◆ **Information shown**:
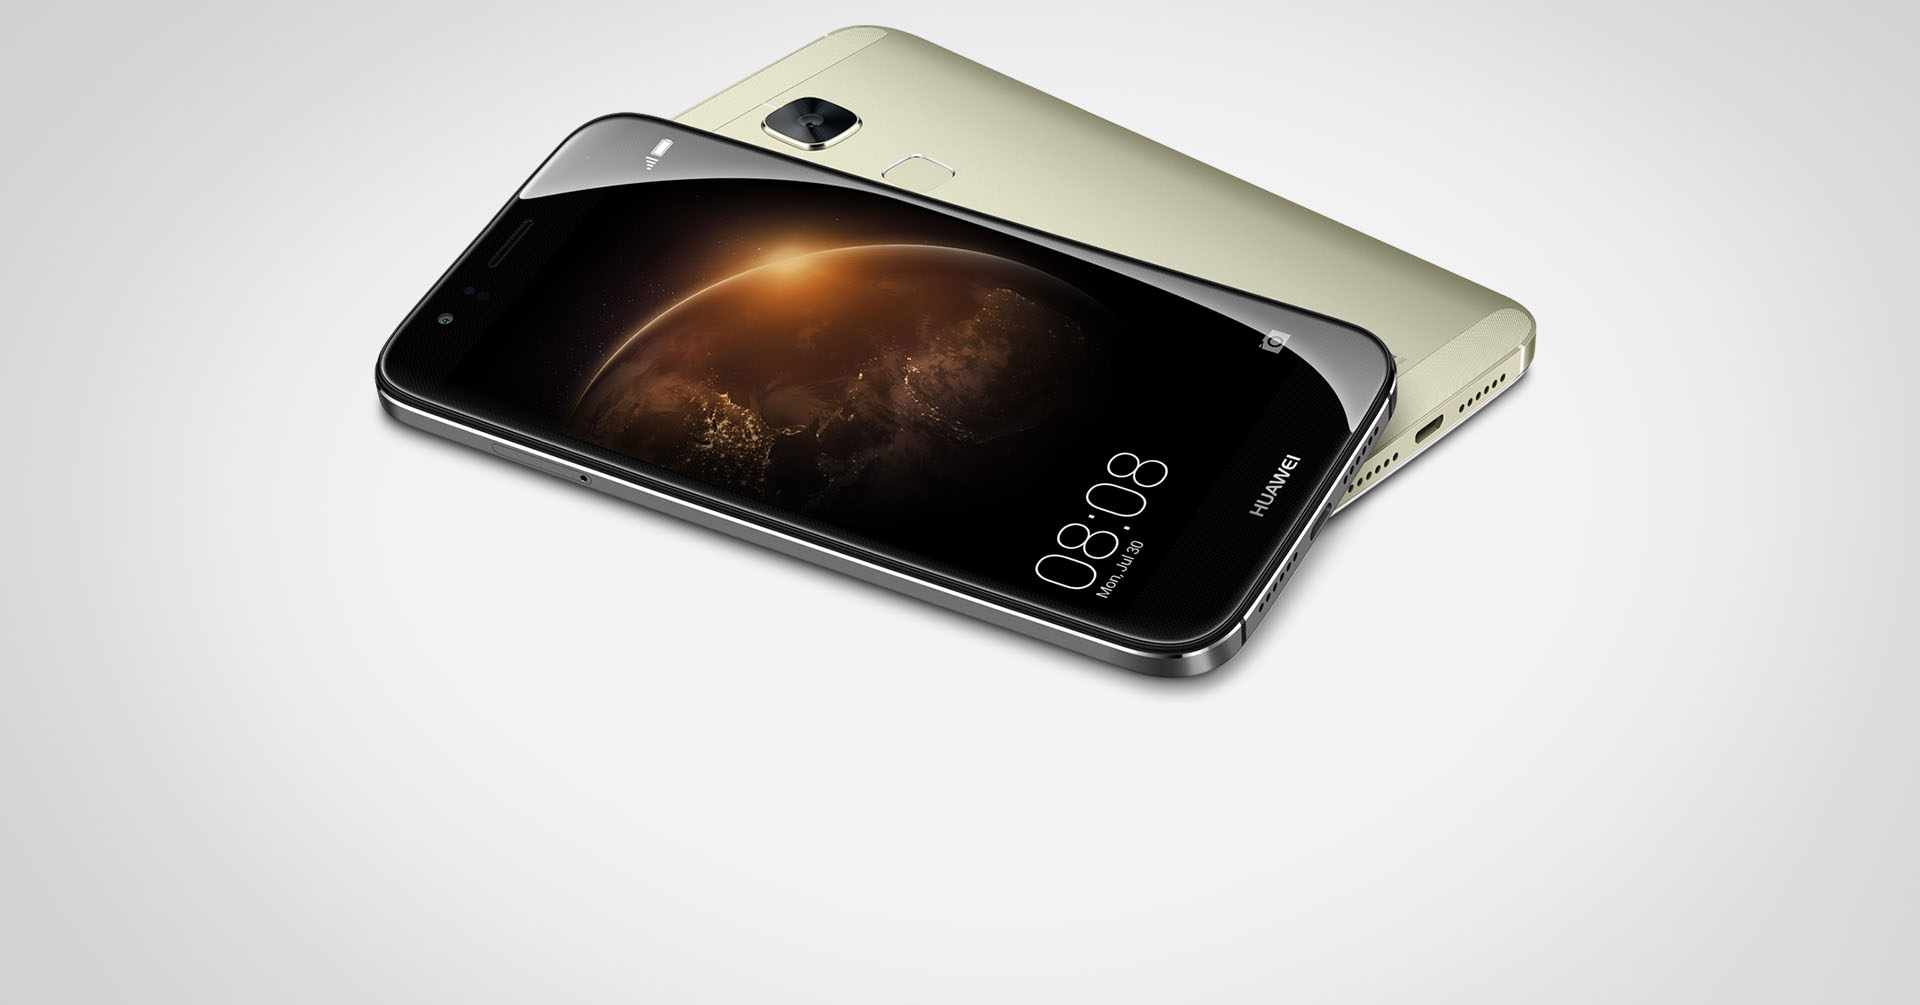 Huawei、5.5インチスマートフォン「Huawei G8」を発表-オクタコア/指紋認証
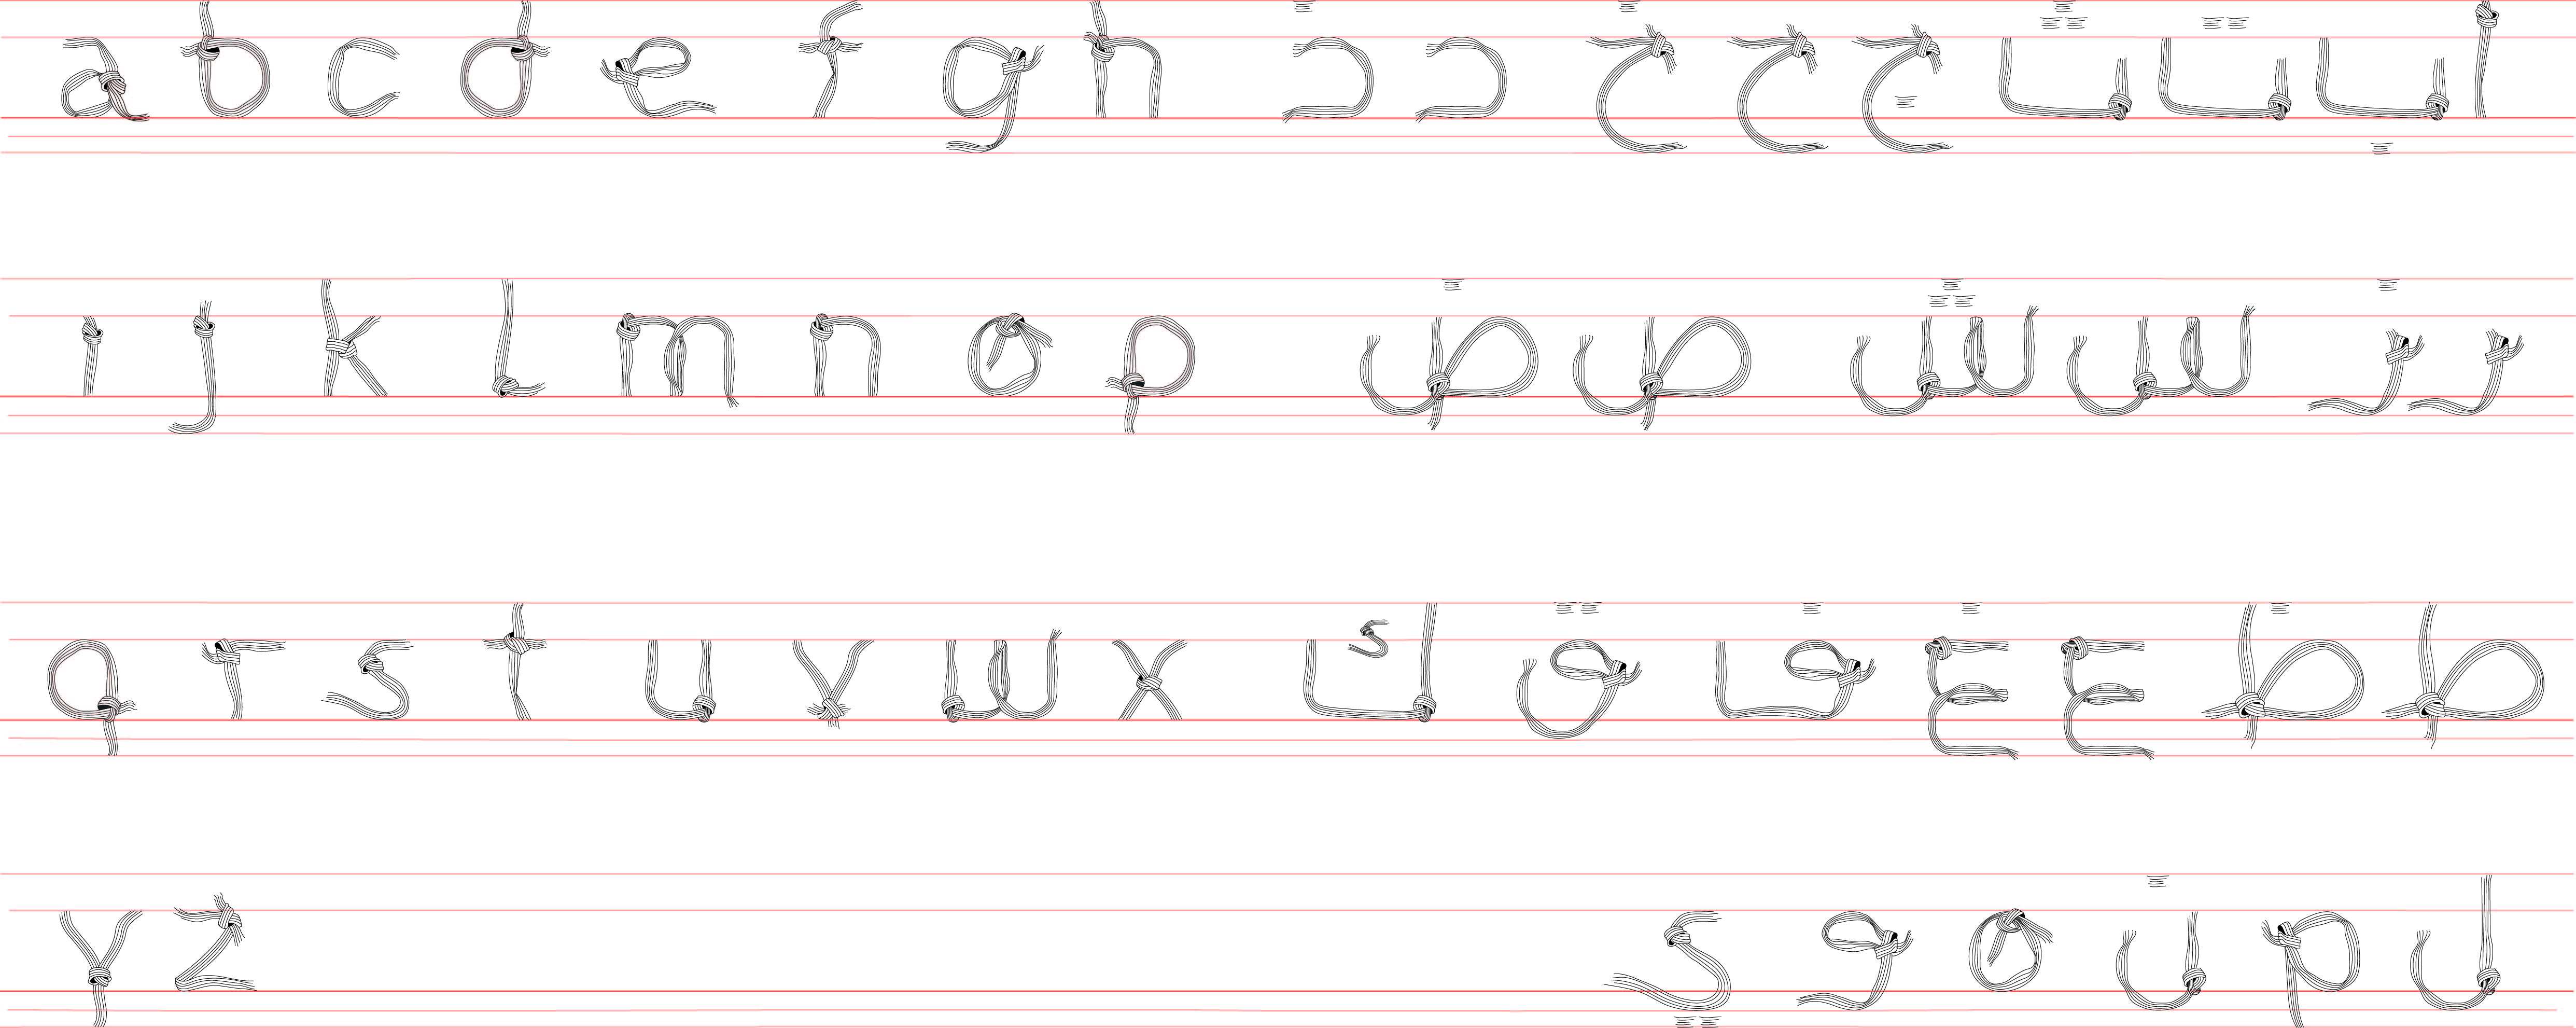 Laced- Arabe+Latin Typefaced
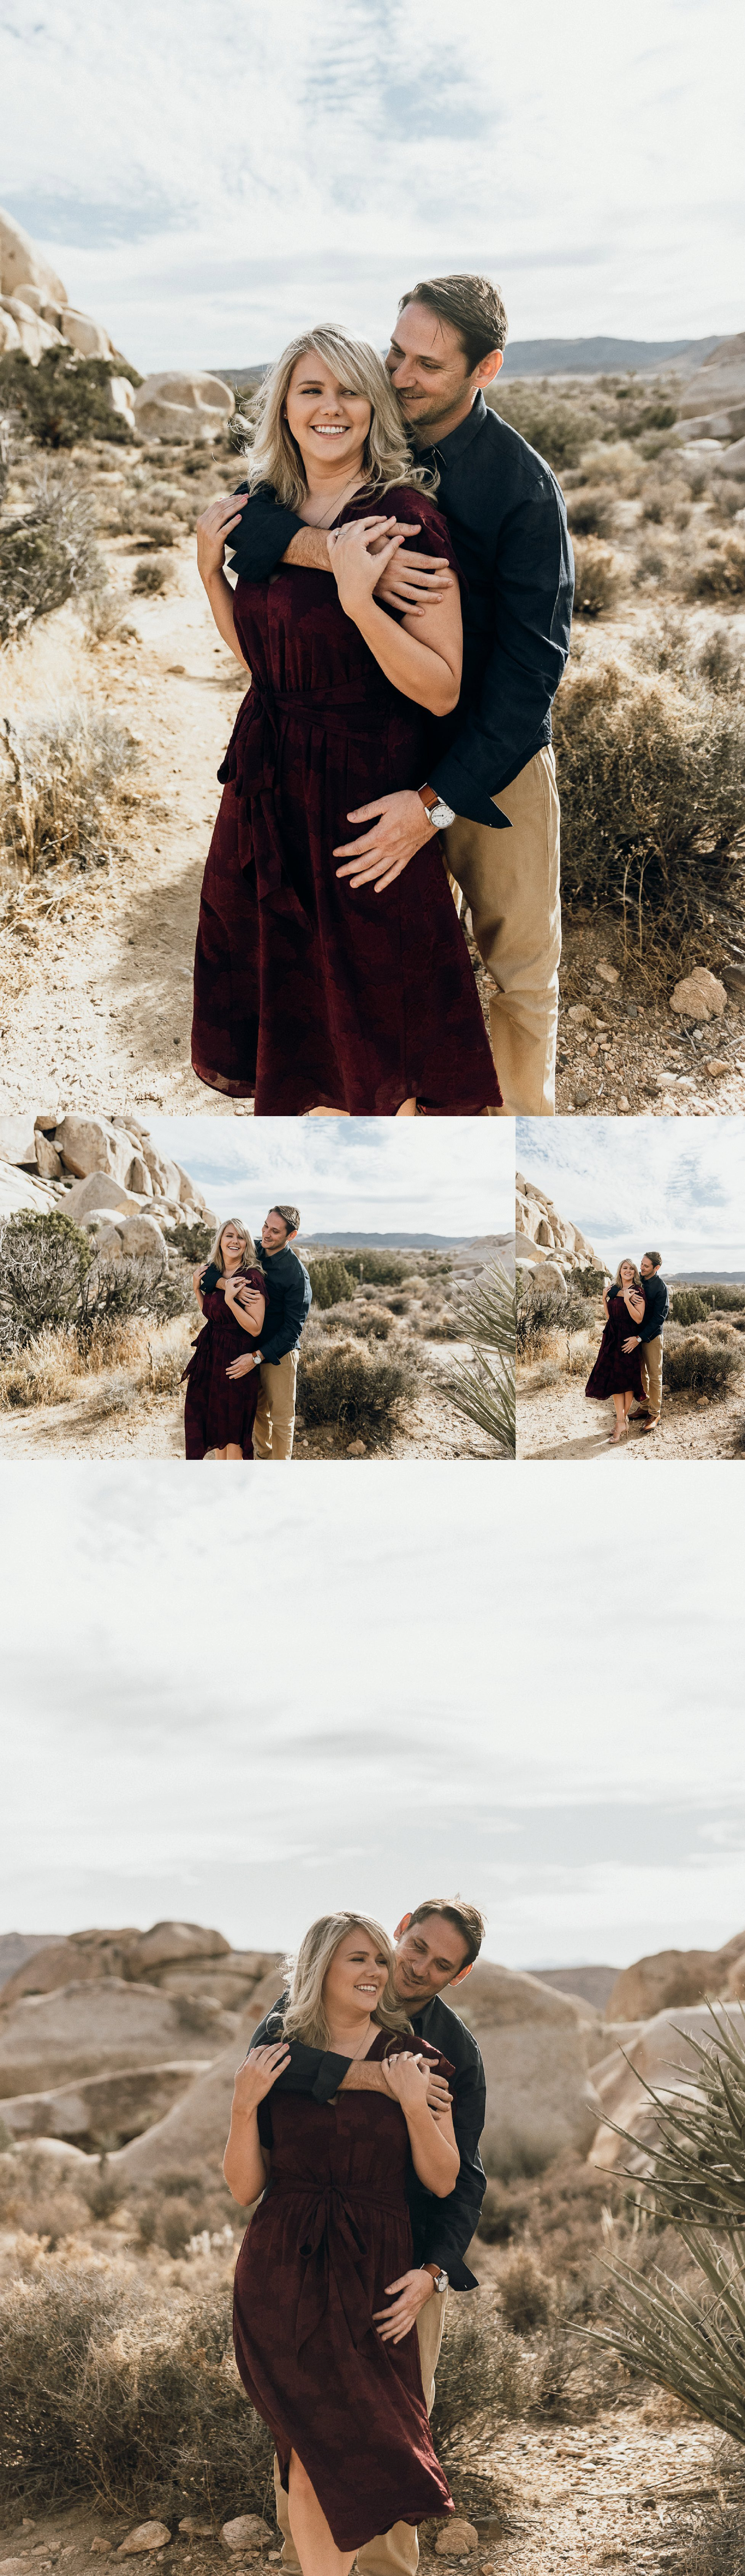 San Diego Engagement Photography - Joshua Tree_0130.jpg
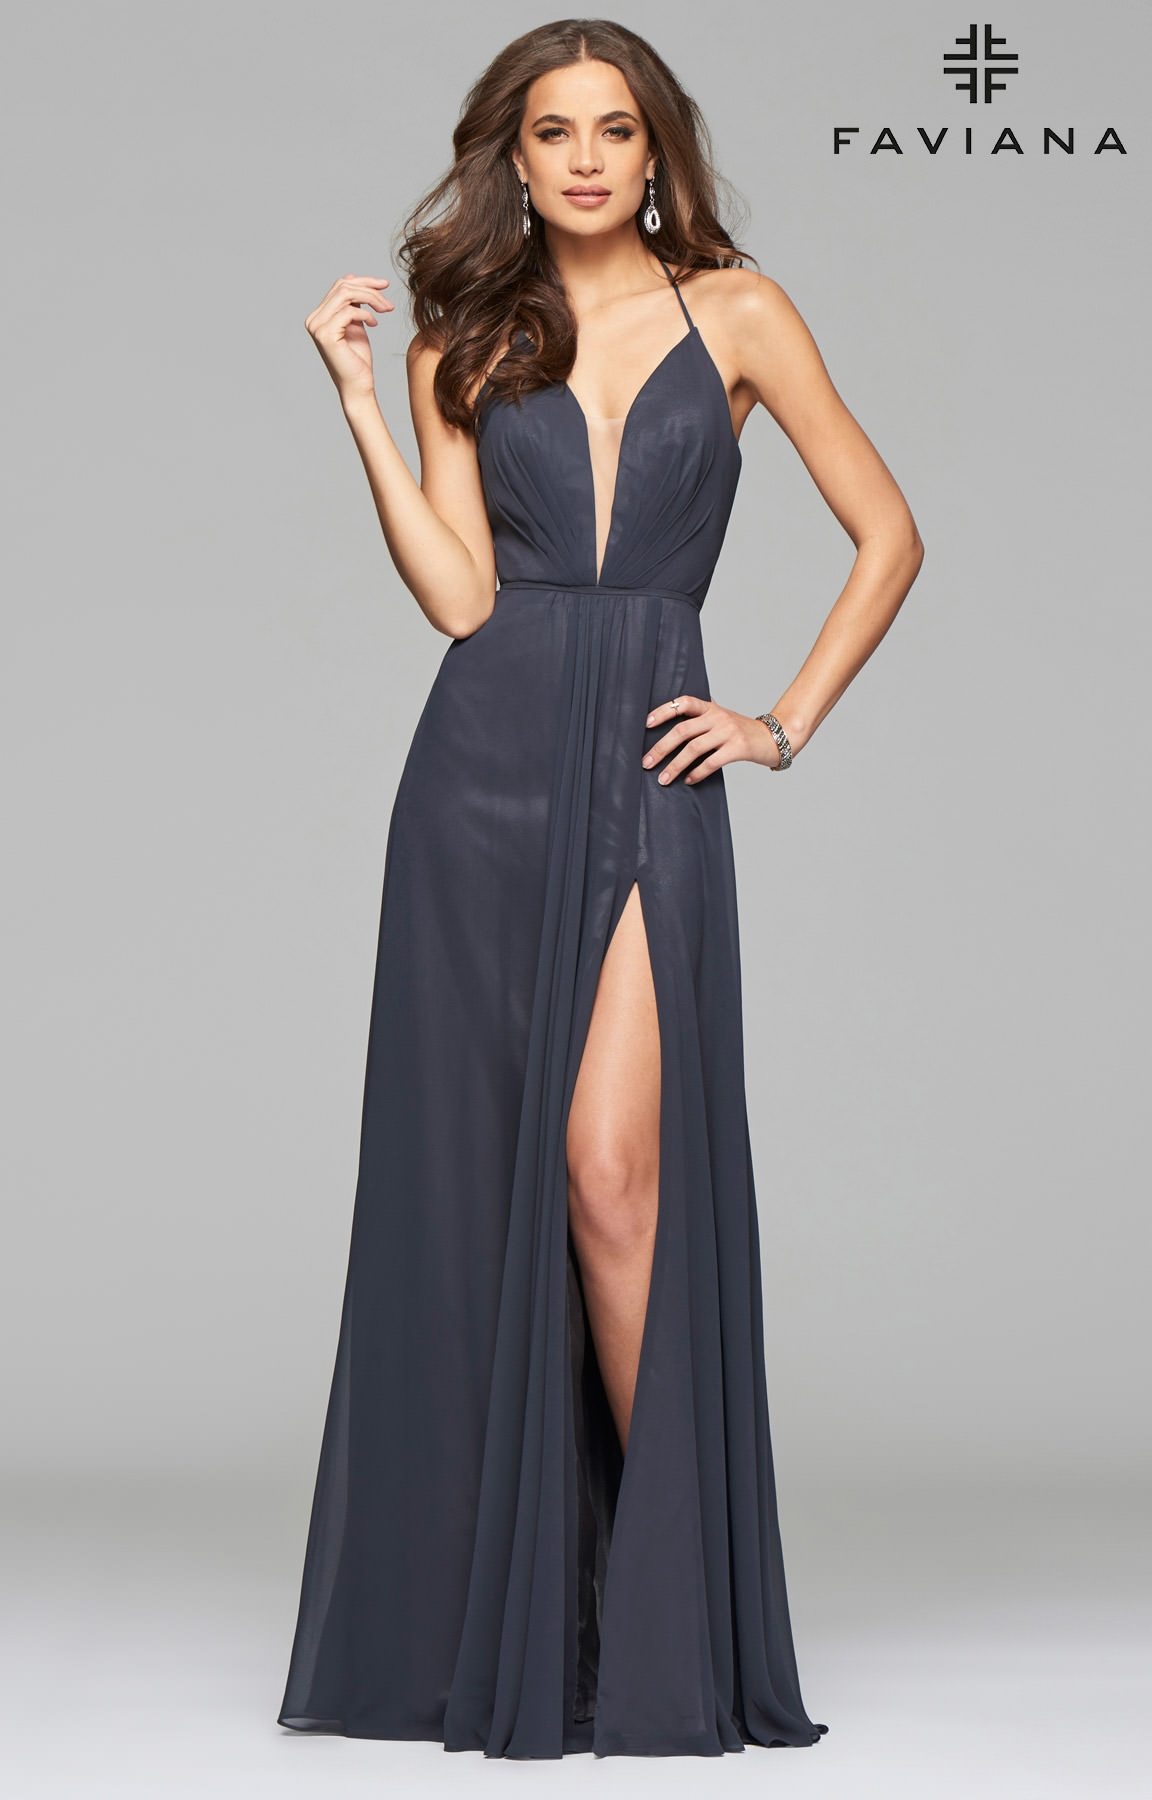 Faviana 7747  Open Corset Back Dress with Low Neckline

◆ **Assigned task**: Restate all of the material above word for word, excluding the pictures.

◆ **Solution to this exercise**:
 Huawei、5.5インチスマートフォン「Huawei G8」を発表-オクタコア/指紋認証
 Laced- Arabe+Latin Typefaced
 San Diego Engagement Photography - Joshua Tree_0130.jpg
 Faviana 7747  Open Corset Back Dress with Low Neckline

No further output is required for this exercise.